A linear map T is a function from ℝn to ℝm that preserves linear combinations, and it is denoted as T : ℝn ↦ ℝm. Thus, for any vectors x,y ∈ ℝn and any scalar a,b, we have T(ax + by) = aT(x) + bT(y).
A function T : D ↦ R, with domain set D and range set R, is said to be bijection if T is both one-to-one and onto. A linear bijection T : V ↦ U from vector space V into another vector space U is called isomorphism.
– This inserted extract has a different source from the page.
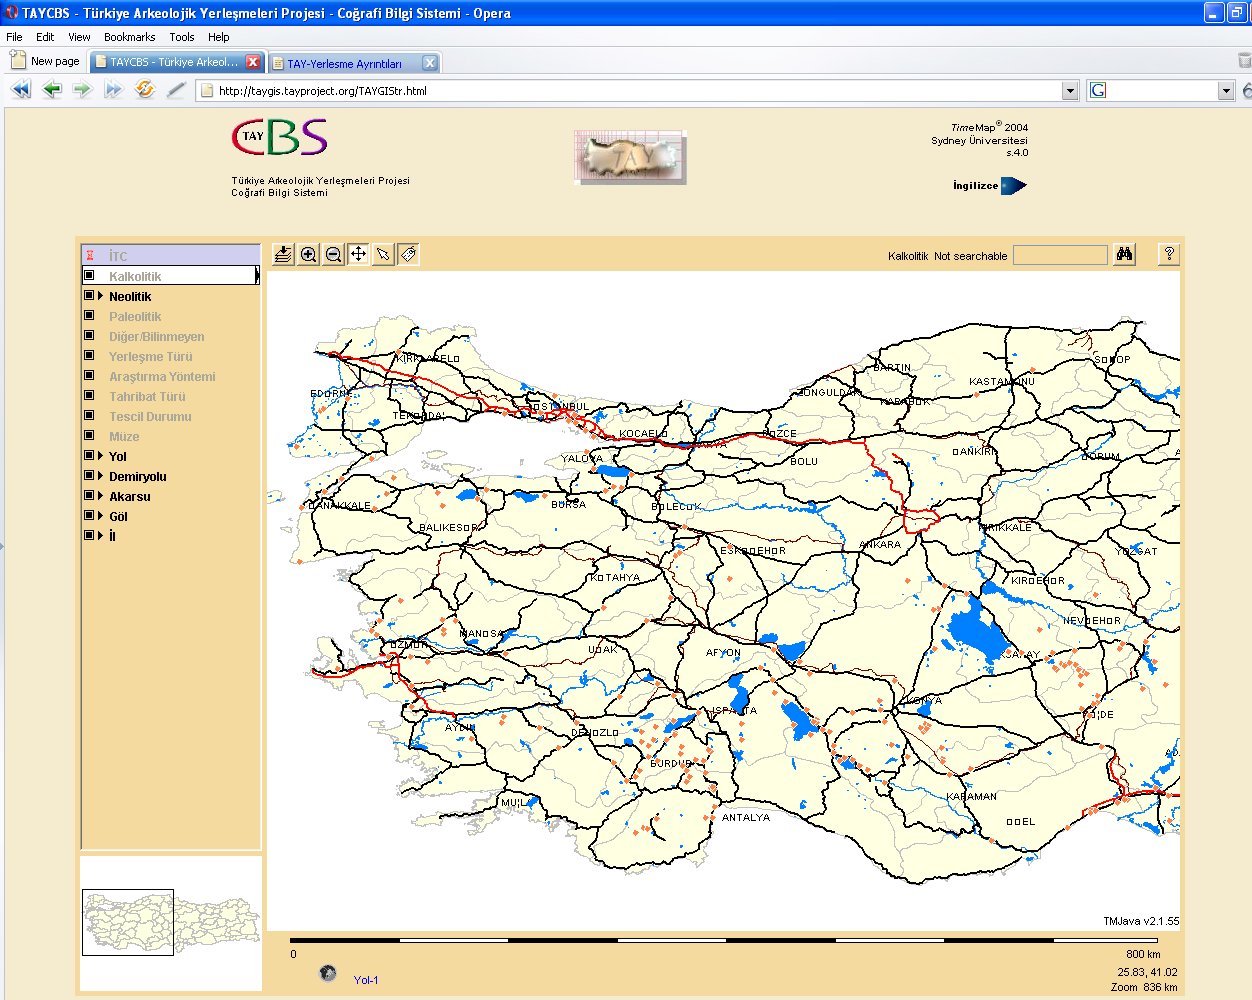 GIS map of Turkey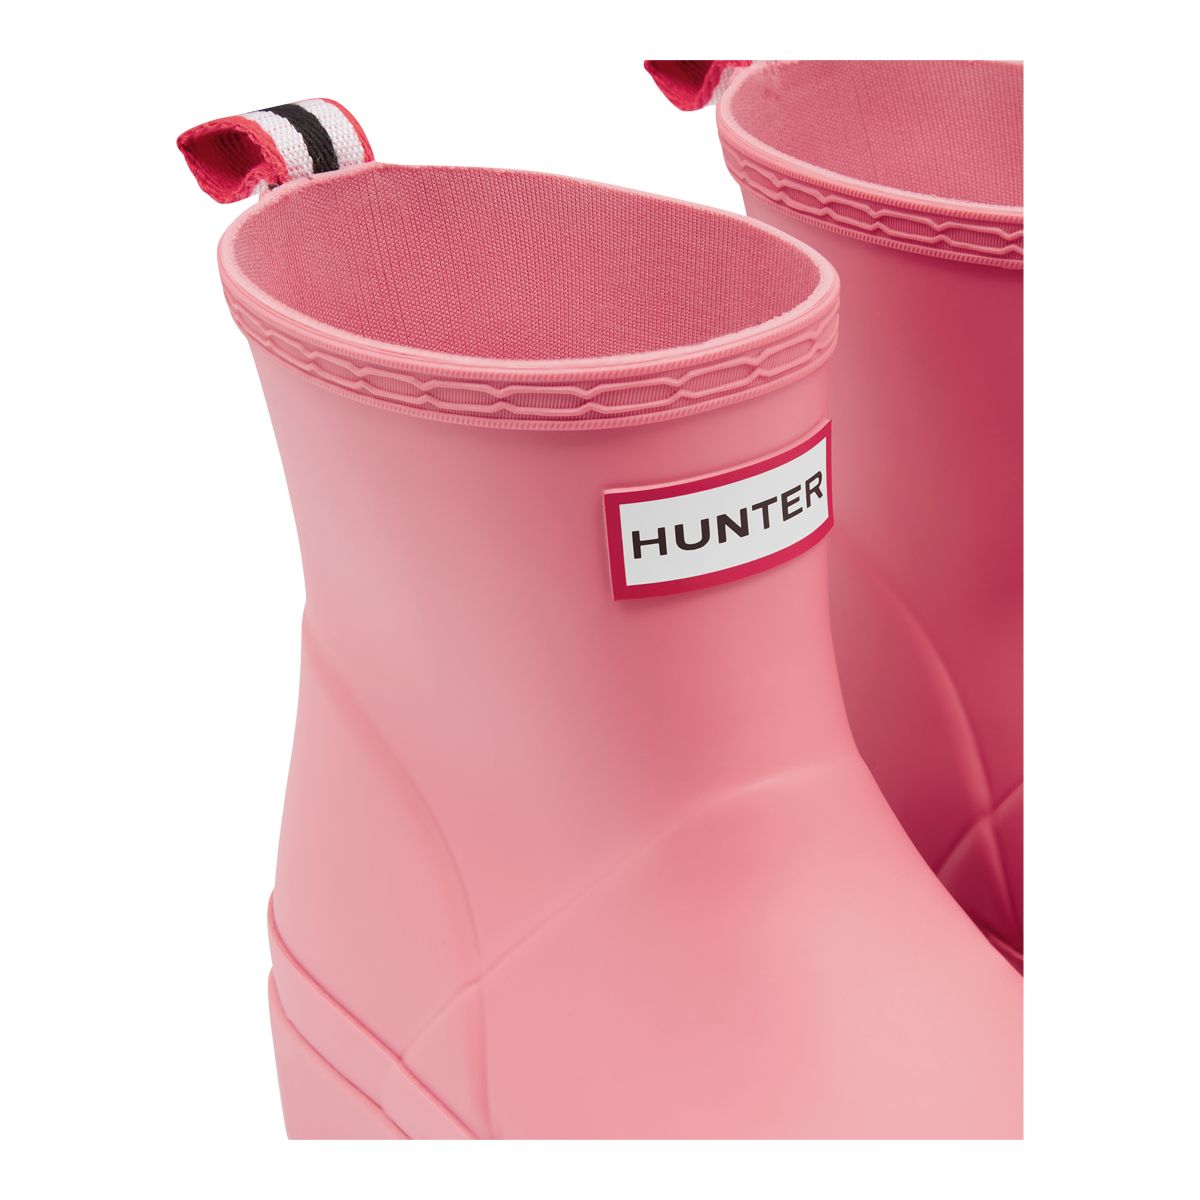 Hunter rain boots for petites review: Womens packable Tour (calf runs  narrow) vs Kids Original - Extra Petite

Theorem: A linear map T : ℝn ↦ ℝm is onto if Im(T) = ℝm, so dim(Im(T)) = m. This means that the corresponding m×n matrix is of full row rank (= its rows are linearly independent).

The onto condition follows automatically from the definition.

Theorem: A linear map T : ℝn ↦ ℝm is one-to-one if ker(T) = {0}, and it is onto if Range(T) = ℝm.

Another way of saying this is that T is one-to-one if dim(ker(T)) = 0, and onto if dim(Image(T)) = m.
If T(x) = T(y) for x,y ∈ ℝn, then T(x) - T(y) = 0. However, since T is linear, this gives T(x-y) = 0. We can therefore conclude that x-y ∈ ker(T). So T is one-to-one exactly when ker(T) = {0}. The onto condition is automatic from the definition of onto and the range of the map.

Theorem: A linear map T : ℝn ↦ ℝm is bijection if and only if T sends a basis of the domain ℝn to a basis of the range ℝm.

Corollary: A linear map T : ℝn ↦ ℝm is bijection if and only if dim(kerT)) = 0 and dim(Im(T)) = m.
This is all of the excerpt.